В этом фрагменте Лондон, подобно Парижу Бодлера, изображается как царство смерти, как Ад; река Темза, через которую переброшен Лондонский мост, – как Стикс или Ахерон, а обитатели города – как тени, как души умерших. Элементы урбанистического пейзажа заимствованы Элиотом, по его собственному признанию[125], из стихотворения Бодлера «Семь стариков». Париж, который для героя Бодлера был «полон грез», трансформируется у Элиота в столь же «нереальный» Лондон. «Желто-грязный туман»[126] бодлеровского утреннего Парижа передается Элиотом как «бурый туман». Наконец, в обоих текстах толпа людей ассоциируется с рекой, безликой, текущей массой призраков.
Сквозь бодлеровские коннотации в поэме обнаруживается и дантовский код, стихи «Божественной комедии», послужившие для обоих авторов источником вдохновения. Фраза «Я и не думал, что смерть унесла столь многих» заимствована из «Ада» (III, 55–57), где речь идет о «ничтожных», не совершавших на земле ни добра, ни зла. Здесь, в подтексте, лежит объяснение столь скорбного существования обитателей современного мегаполиса и их окончательной деиндивидуализации – пребывание в состоянии, которое можно обозначить как «смерть при жизни»[127]. Этический смысл этой формулы исследователи Т. С. Элиота справедливо связывают с тем пониманием бодлеровской этики, которое автор «Бесплодной земли» демонстрирует в своем эссе о Бодлере[128]. Элиота заинтересовала фраза из «Дневников» Бодлера: «…единственное и высшее сластолюбие в любви – твердо знать, что творишь зло. И мужчины, и женщины от рождения знают, что сладострастие коренится в области зла»[129]. Элиот переосмысляет слова Бодлера следующим образом: «Бодлер видел, что отношения между мужчиной и женщиной отличает от совокупления животных знание добра и зла»[130]. Развивая идею Бодлера, Элиот наконец приходит к важнейшему выводу: «Если мы остаемся человеческими существами, мы должны совершать либо добро, либо зло; до тех пор, пока мы совершаем зло или добро, мы принадлежим миру человеческих существ; и лучше, как это ни парадоксально, совершать зло, чем не делать ничего; в этом случае мы хотя бы существуем»[131].
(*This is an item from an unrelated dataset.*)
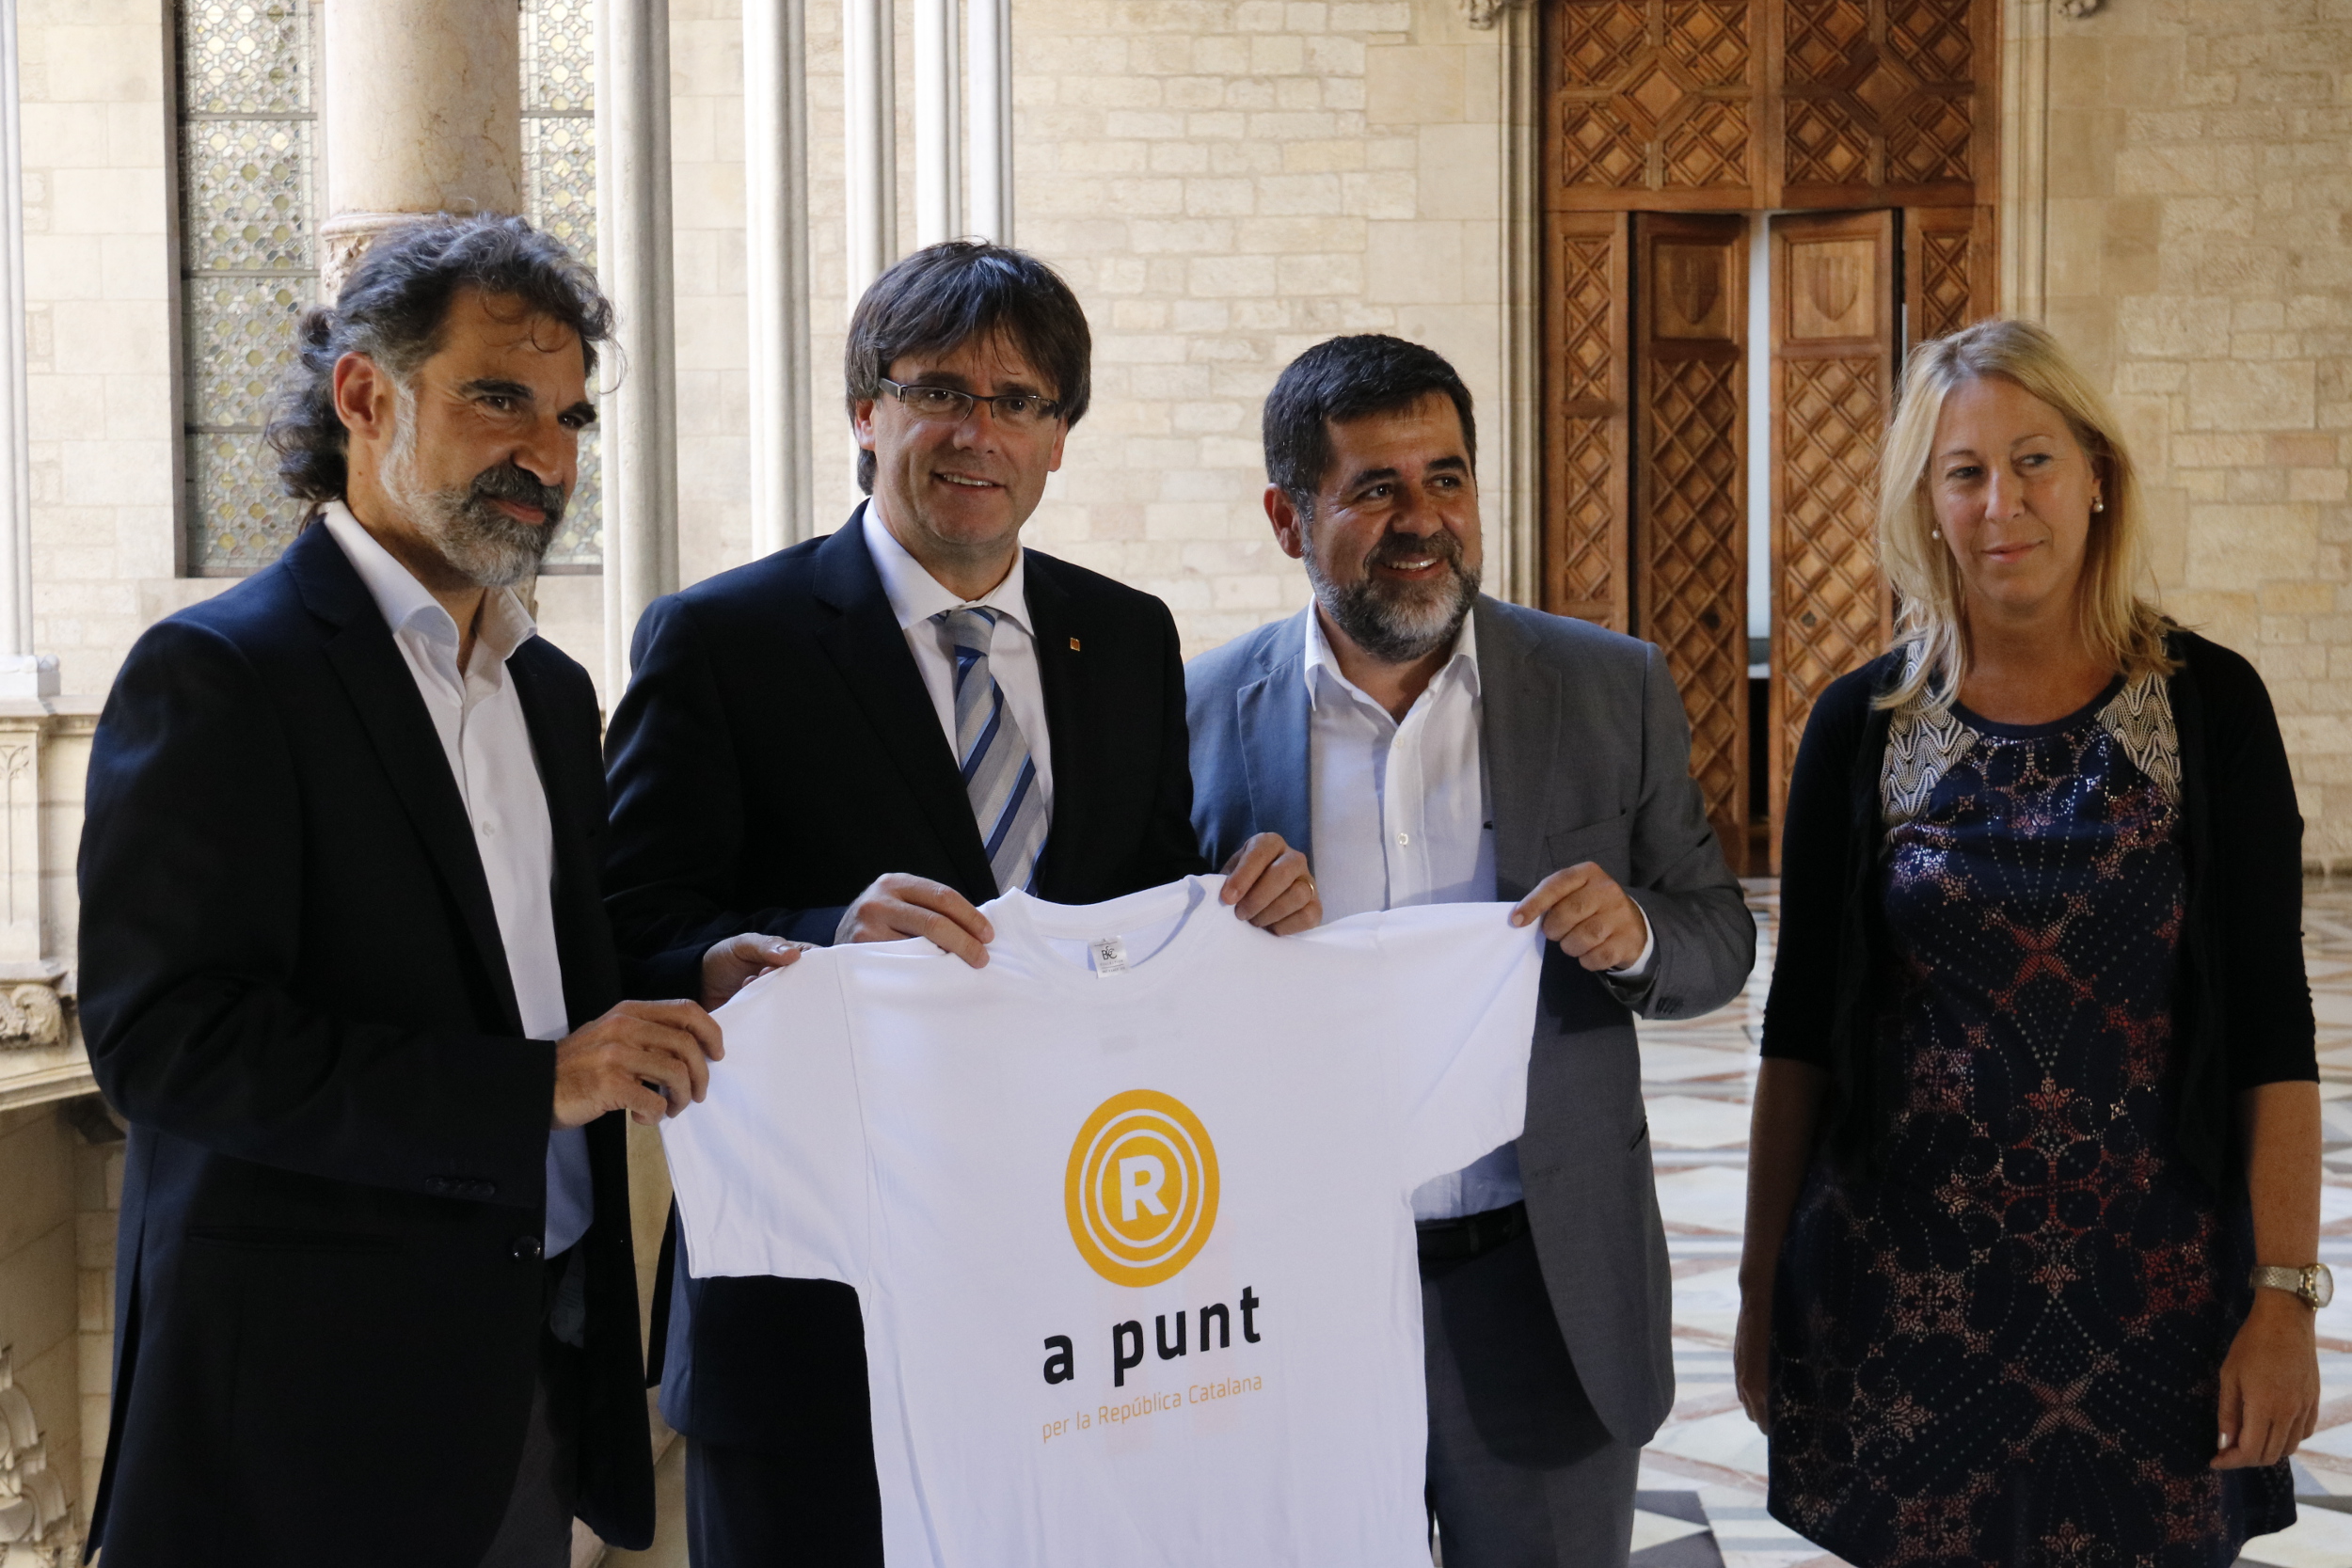 Catalan President, Carles Puigdemont, together with the Catalan National Assembly's President, Jordi Sànchez, Òmnium Cultural's, Jordi Cuixart and the Catalan Government's spokeswoman, Neus Munté (by ACN)

Элиот в поэме отвергает оправдание зла. Чувственность, исполненная зла и греховная, затемняет в человеке божественный свет. Сама она сходит на нет, оставляя вместо человека пустую материальную оболочку, автомат. Элиот дает читателю понять, что его герой прожил жизнь бодлеровского монстра, полную чувственности. И теперь наступил новый этап его существования, смерть при жизни. В его поступках, в частности в сексуальном акте, нет даже осознанного зла. В третьей главе поэмы читатель оказывается свидетелем того, как сам акт зарождения жизни превратился для обитателей бесплодного мегаполиса (клерка и машинистки) в бессмысленный ритуал, основанный на тщеславии и безразличии:
Любопытно, что подобное, с явной оглядкой на Элиота, изображение секса в большом городе как механического, бессмысленного процесса возникает и в романе Генри Миллера «Тропик Рака», в эпизоде, где Ван Норден на глазах у главного героя и нарратора вступает в связь с проституткой: «Когда я смотрю на Ван Нордена, взбирающегося на проститутку, мне кажется, что передо мной буксующая машина. Если чья-то рука не выключит мотор, колеса будут крутиться впустую до бесконечности»[134].
В поэме Элиота есть еще одна сцена, где возникает бодлеровская образность. Это описание будуара некой аристократки во II части («Игра в шахматы»). Оно обнаруживает поразительное сходство с описанием спальни в стихотворении Бодлера «Мученица». В реальность «Бесплодной земли» перенесены все бодлеровские образы: флаконы, статуи, картины, ткани. Однако если у Бодлера они фиксируют чувственно-эротическое в человеке, наивысшую концентрацию природных сил, приводящую субъекта на грань жизни и смерти, то элиотовские образы лишены напряженности и предстают как знаки, культурные штампы, в которых едва ли угадывается история. Перед нами – сухой каталог, объективизация внутреннего состояния городского субъекта, лишенного культурных корней и прежней страсти.